**What to work on:**
Given the entries below, would you transcribe exactly the lines starting at the one with "Our Place Under" and ending at the one with "A close-up of", both kept, pictures omitted, nothing extra?

**Data supplied:**
--- --- ---

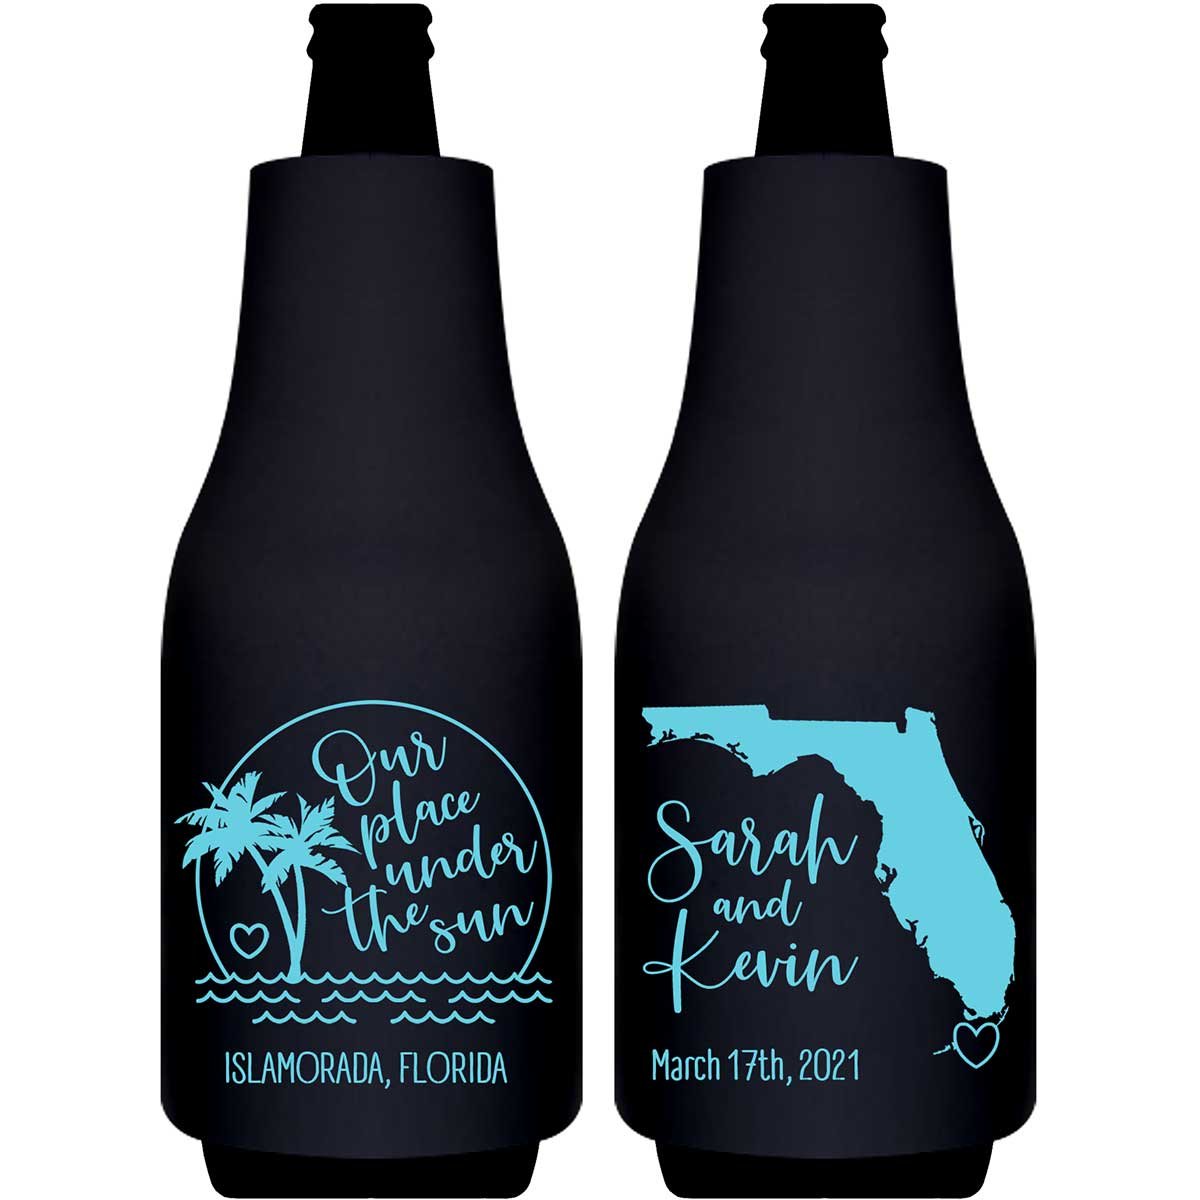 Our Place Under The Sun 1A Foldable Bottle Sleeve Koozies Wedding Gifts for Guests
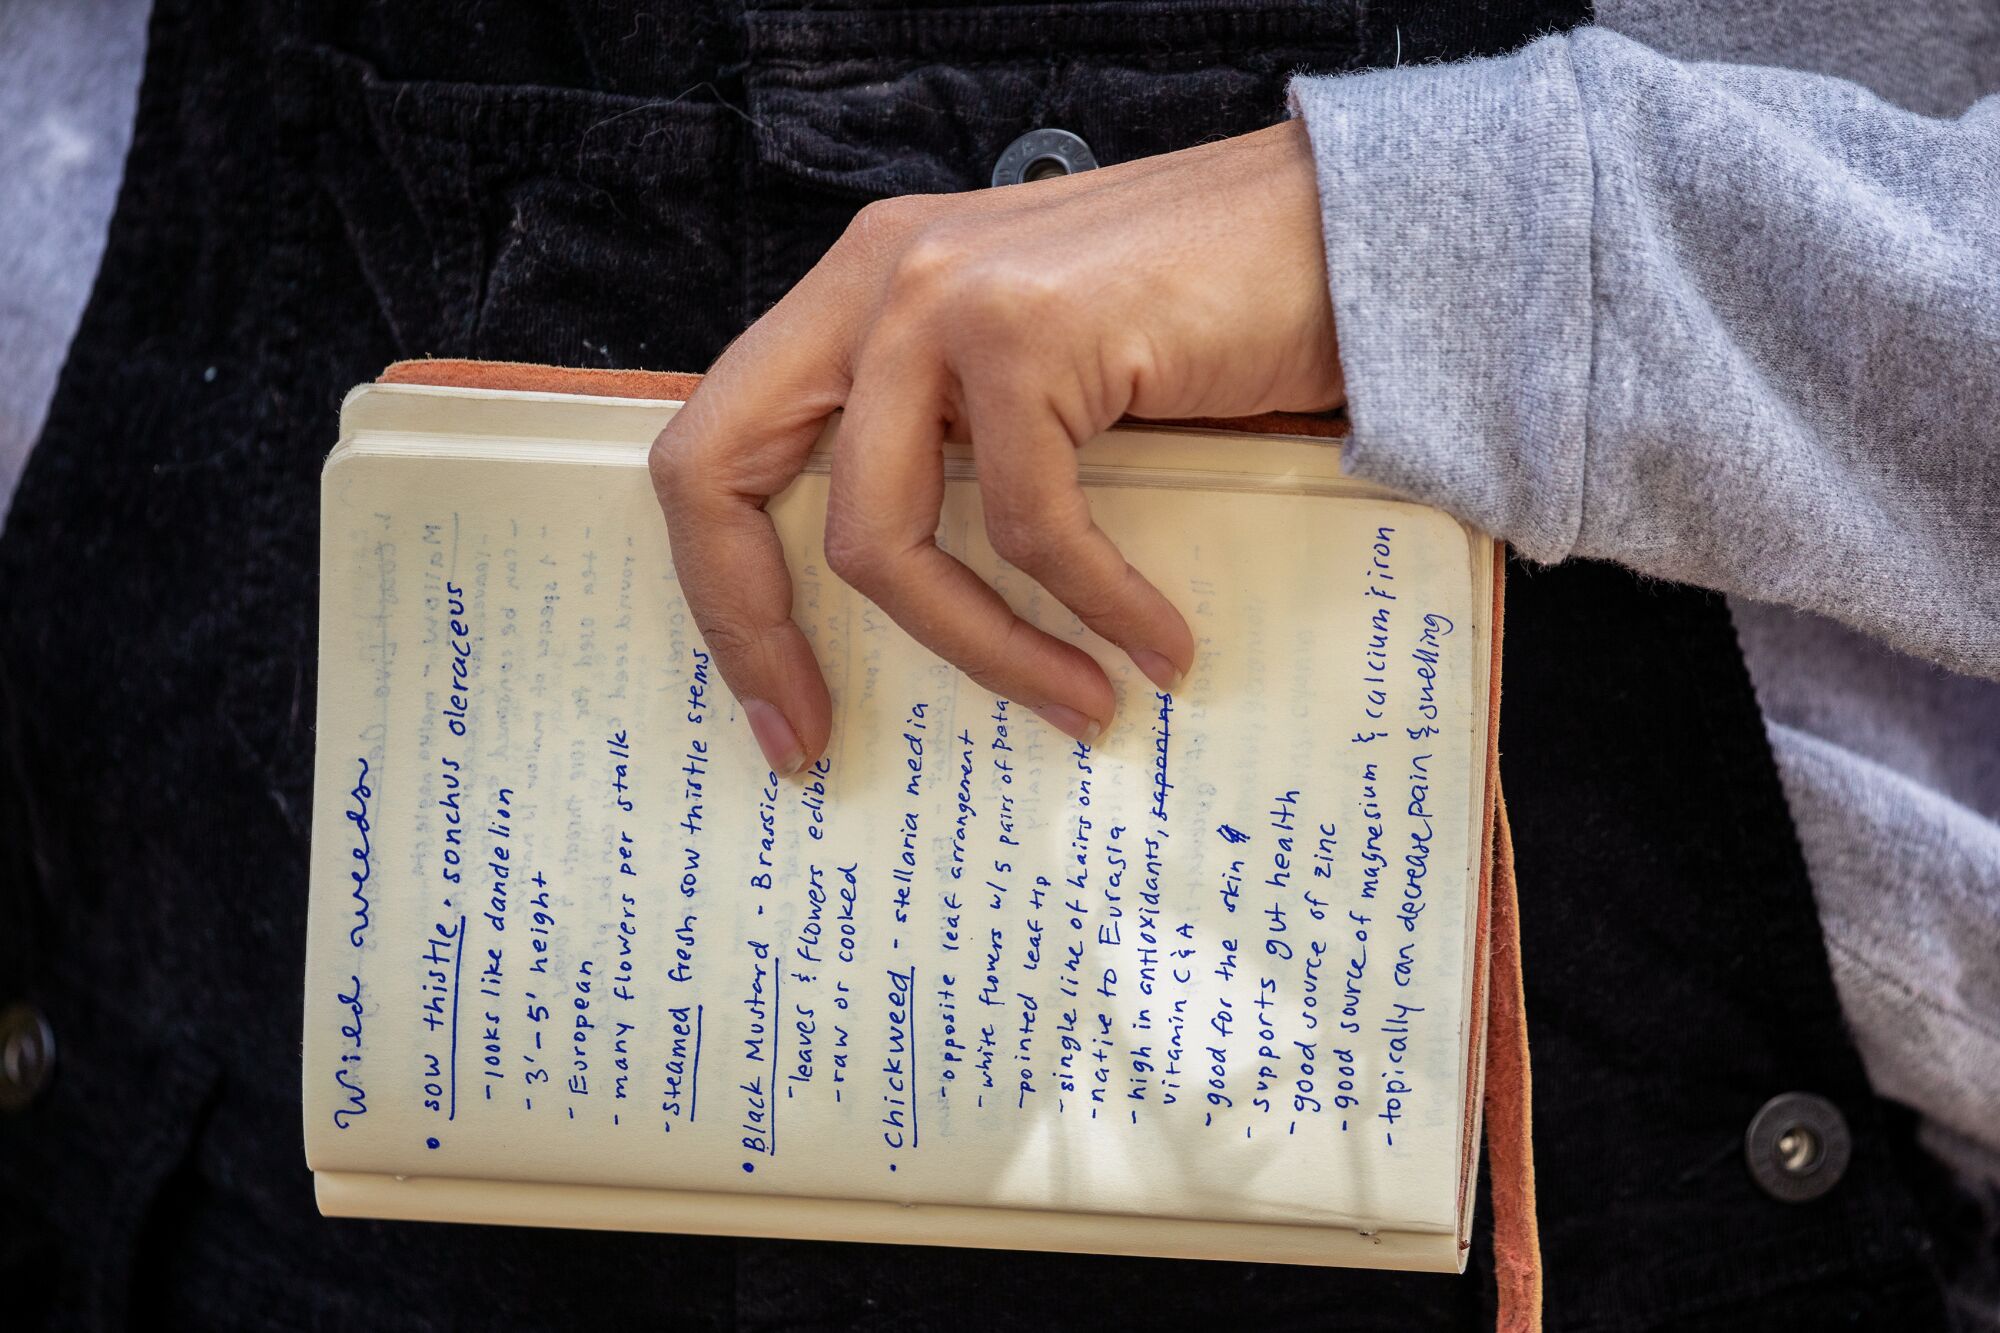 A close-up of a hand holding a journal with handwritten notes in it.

--- --- ---

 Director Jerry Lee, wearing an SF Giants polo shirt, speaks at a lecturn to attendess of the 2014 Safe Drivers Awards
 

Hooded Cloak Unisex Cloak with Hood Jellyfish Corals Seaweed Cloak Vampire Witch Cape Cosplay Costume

--- --- ---

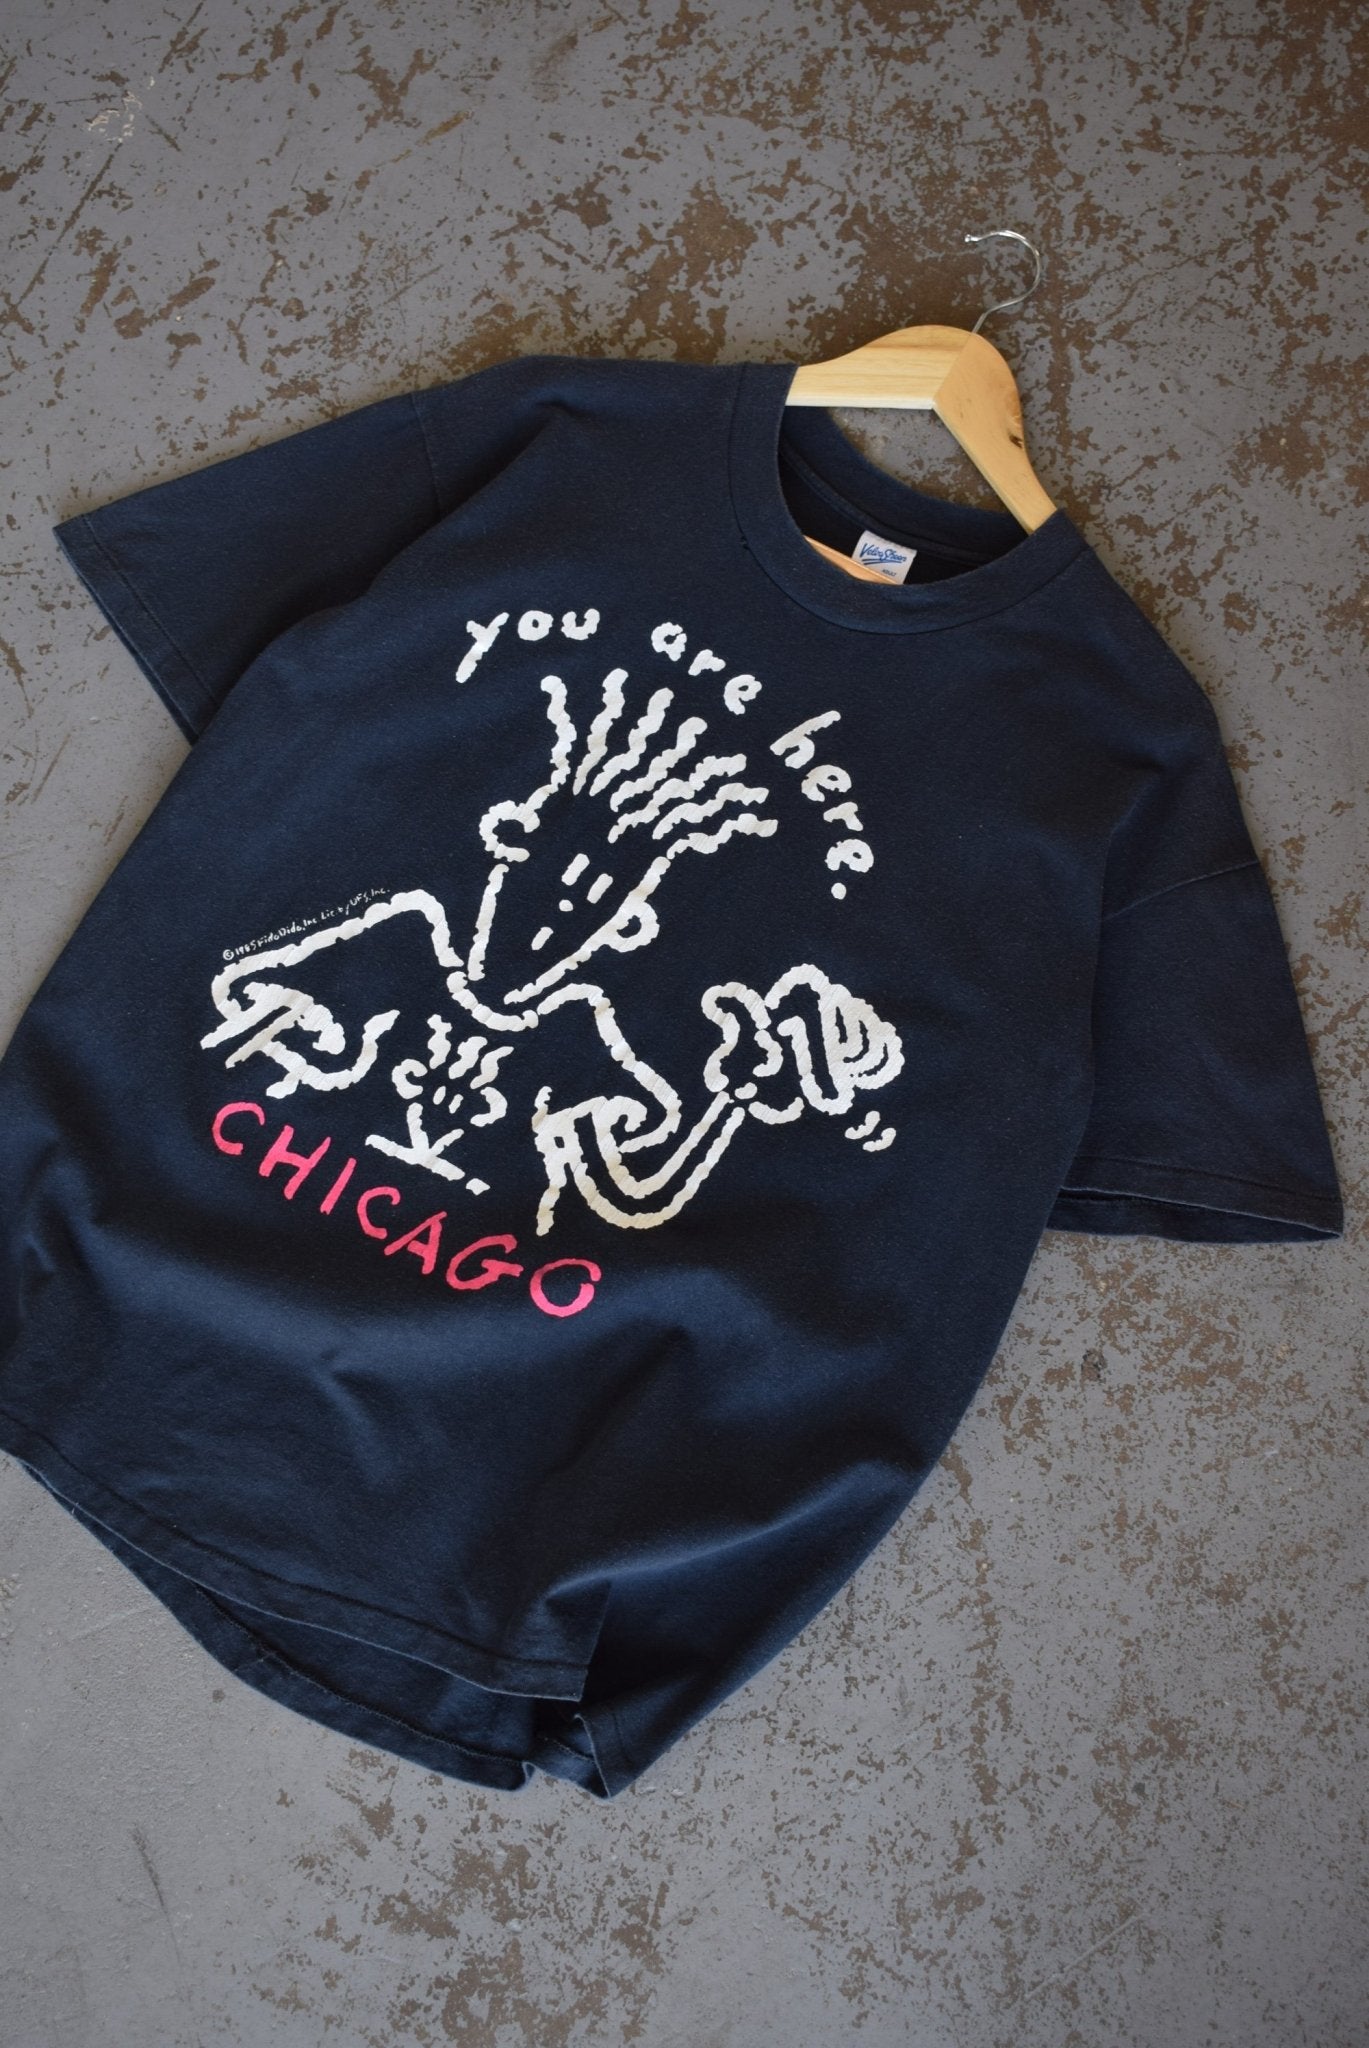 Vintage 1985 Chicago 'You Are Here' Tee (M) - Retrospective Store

--- --- ---

**Solved problem:**
 Our Place Under The Sun 1A Foldable Bottle Sleeve Koozies Wedding Gifts for Guests
 A close-up of a hand holding a journal with handwritten notes in it.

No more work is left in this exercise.